= June Curry =

June Curry (February 8, 1921 - July 16, 2012), also known as “The Cookie Lady”, lived in Afton, Virginia, alongside the TransAmerica Trail, a cross-country bicycle route mapped by Adventure Cycling Association in 1976. For more than 35 years, Curry offered food, lodging, water and showers to cyclists passing through her town.

Curry – who was born in Afton and lived her entire life in the same house – came unexpectedly to her role as benefactor. Afton is at the top of a steep ascent, and during the inaugural Bikecentennial ride in 1976, she and her father encountered many tired cyclists in search of food and other provisions. In Curry's words, “I decided it was easier to feed them than to put them up!” Early on, Curry provided home-baked cookies to her visitors, which earned for her her nickname, “The Cookie Lady”.
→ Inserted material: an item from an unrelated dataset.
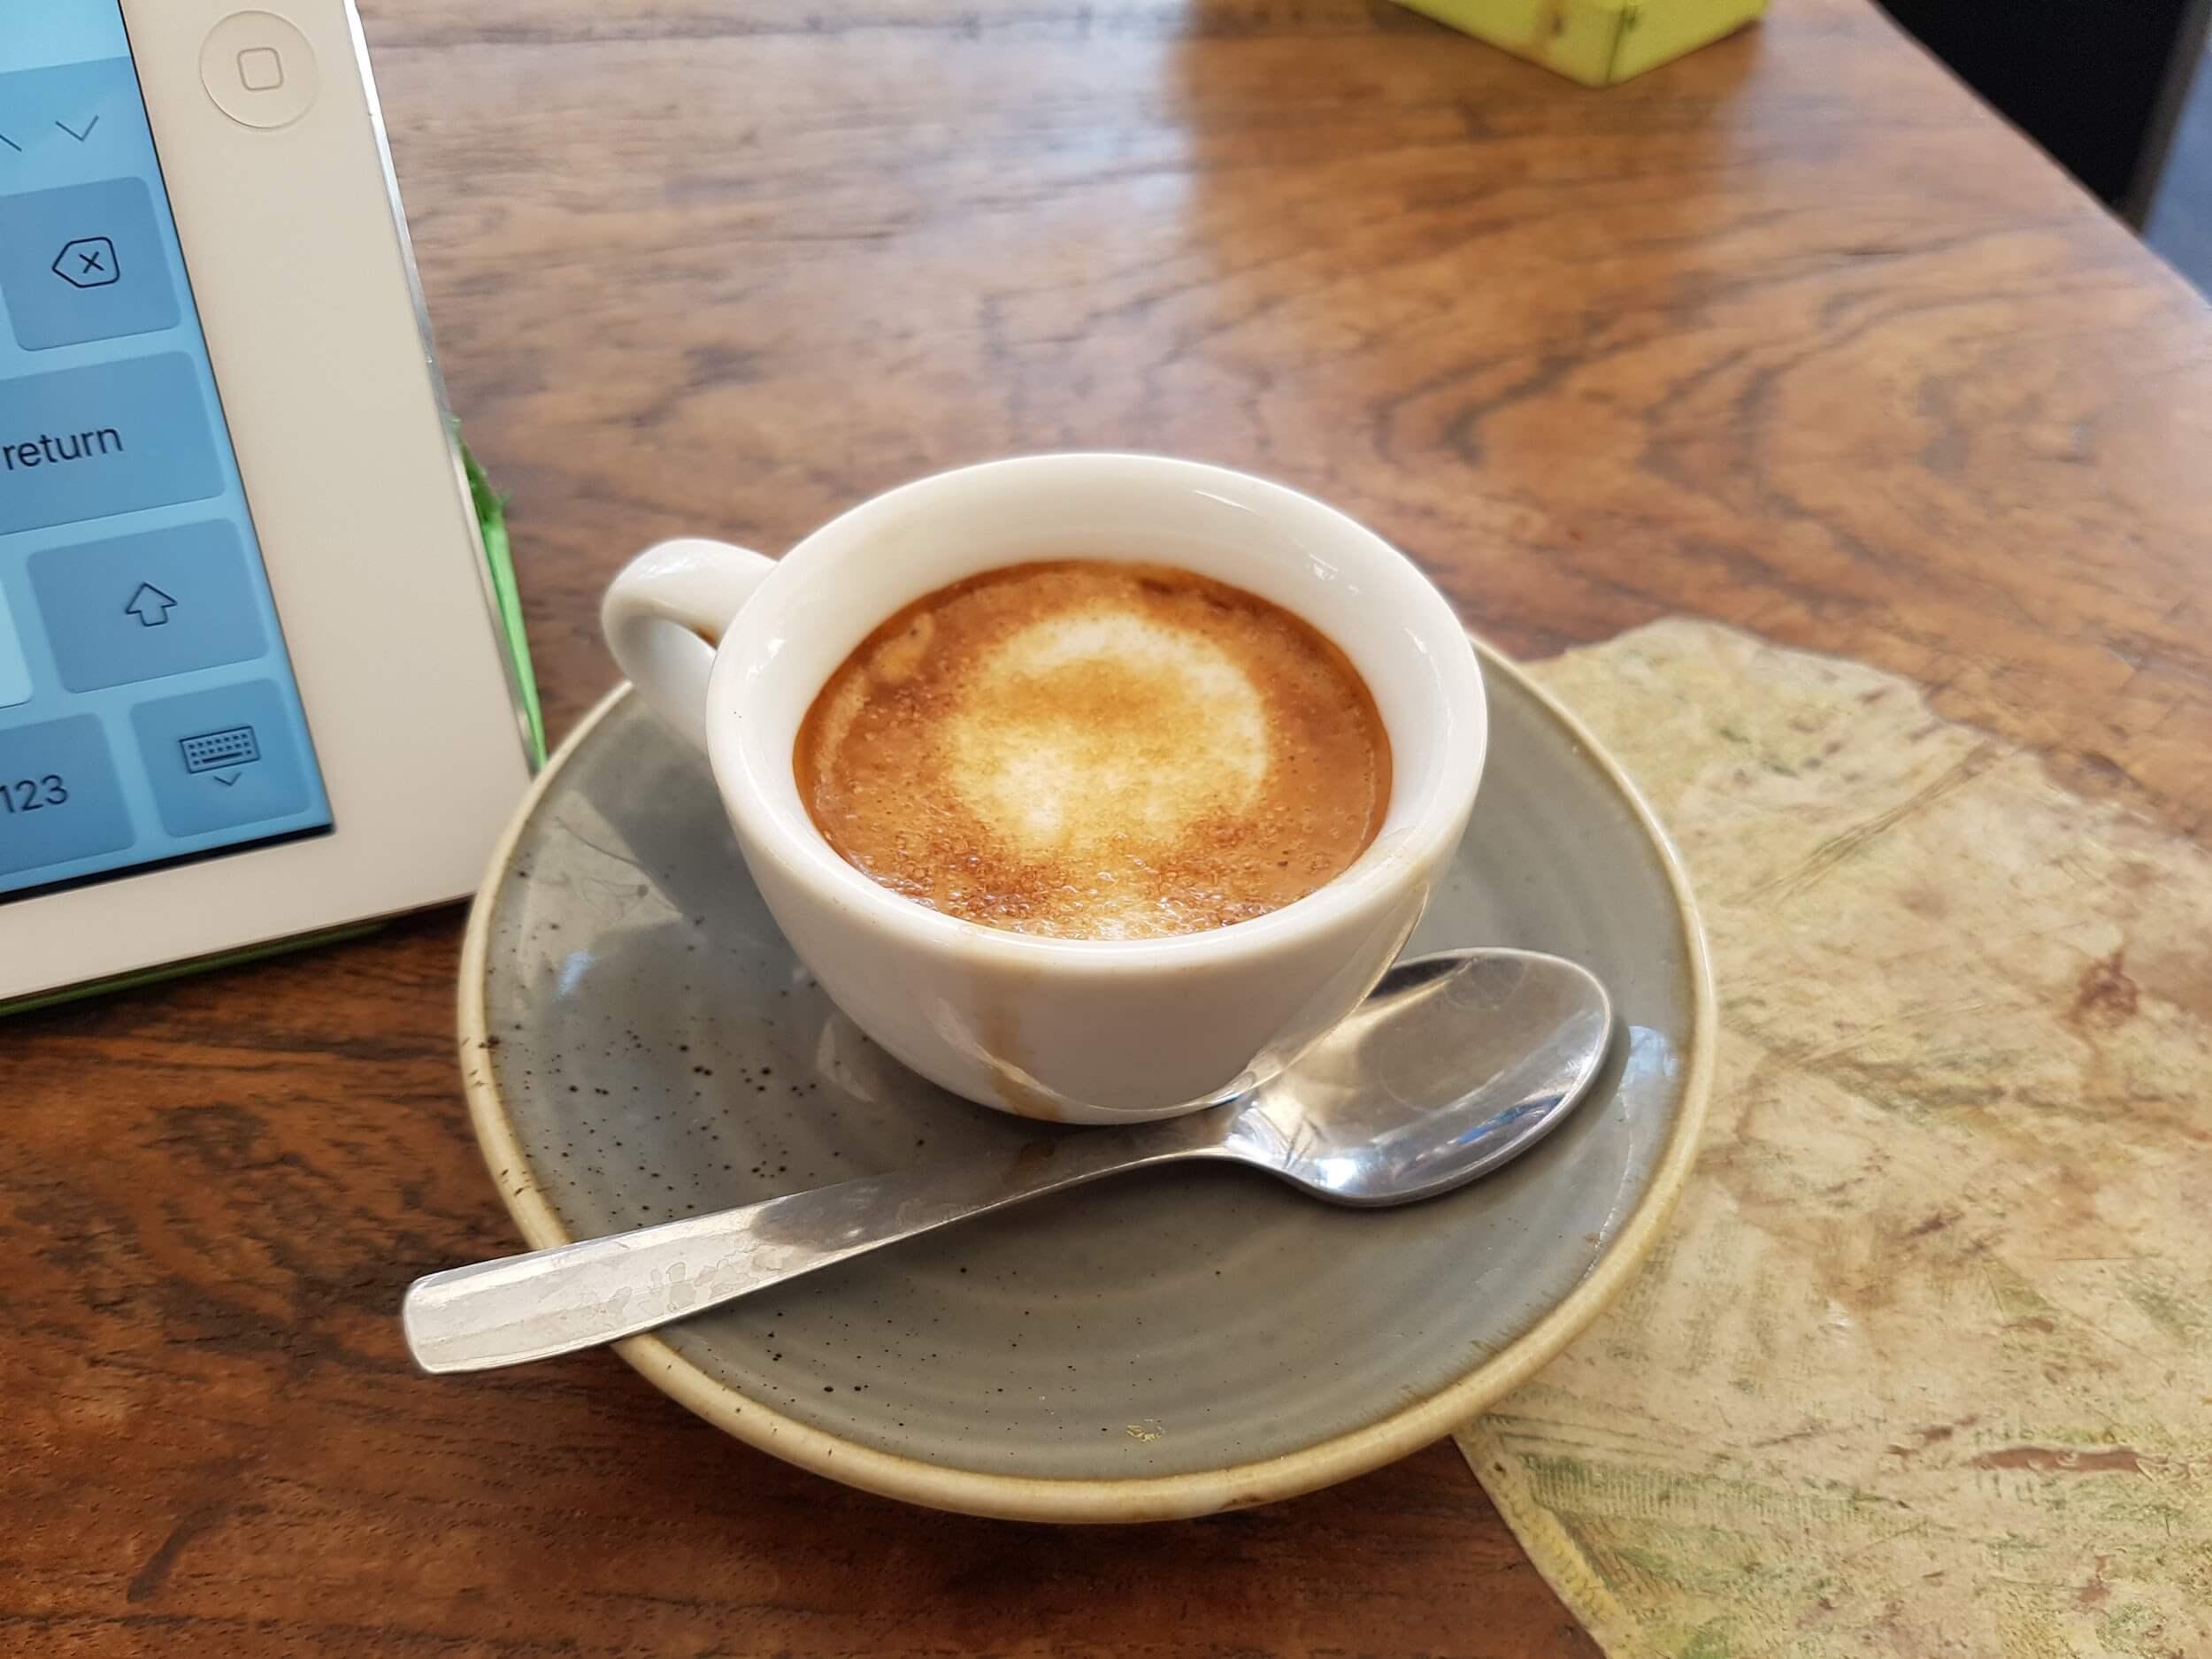 Espresso coffee on a table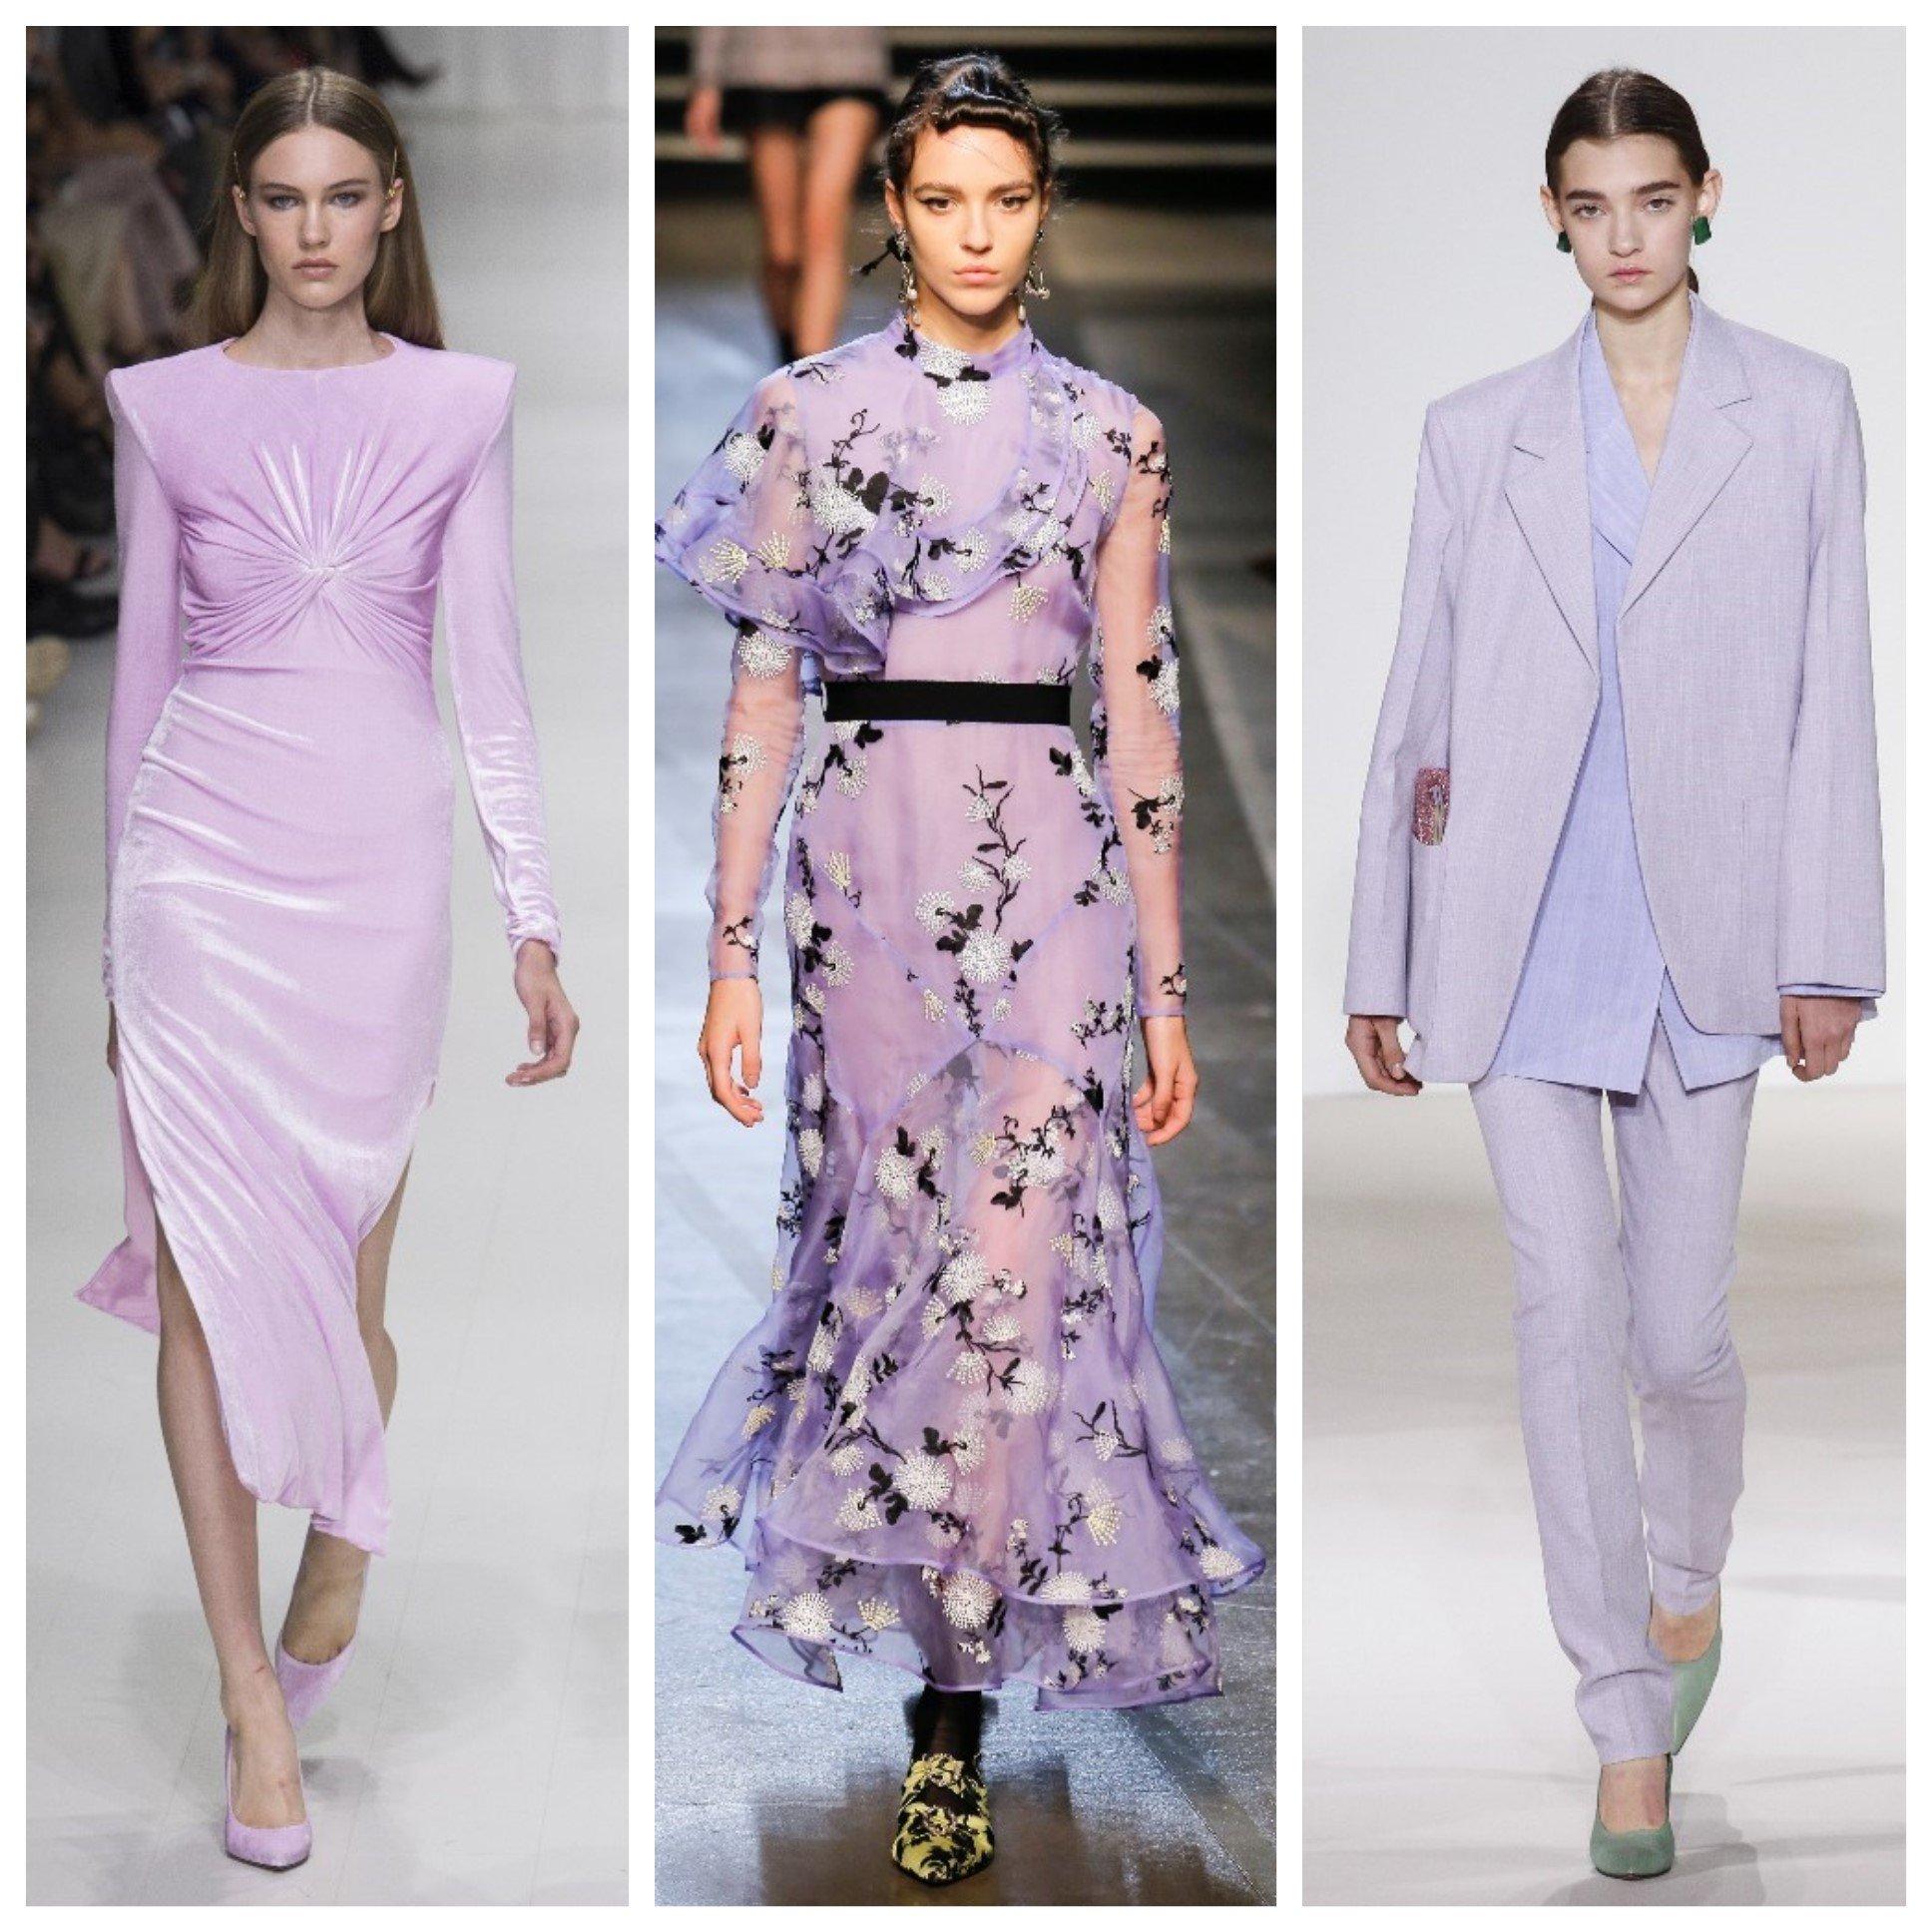 spring 2018 colors lavender

Curry owned another residence close to her own house, which eventually she set aside for the use of cyclists. The building, which became known variously as “The Bike House”, “The Bike Museum” or “The Cookie House”, accumulated an impressive collection of photographs, scrapbooks and other mementos of and from cyclists who had passed through. Curry was also the subject of an episode of Charles Kuralt's "On the Road" segment of CBS Sunday Morning. It has been estimated that more than 14,000 cyclists visited with Curry over the years.

In 2005, Curry suffered a stroke and, thanks to donations from cyclists and cycling organizations who had learned of her misfortune, was able to hire a caregiver.

In recognition of Curry's years of generosity, Adventure Cycling Association in 2003 established the June Curry Trail Angel Award to honor “a generous individual or group encountered during a bicycle tour that makes the cyclotourist’s journey easier or possible by helping the cyclist through an act of goodwill.” Curry was the award's first recipient.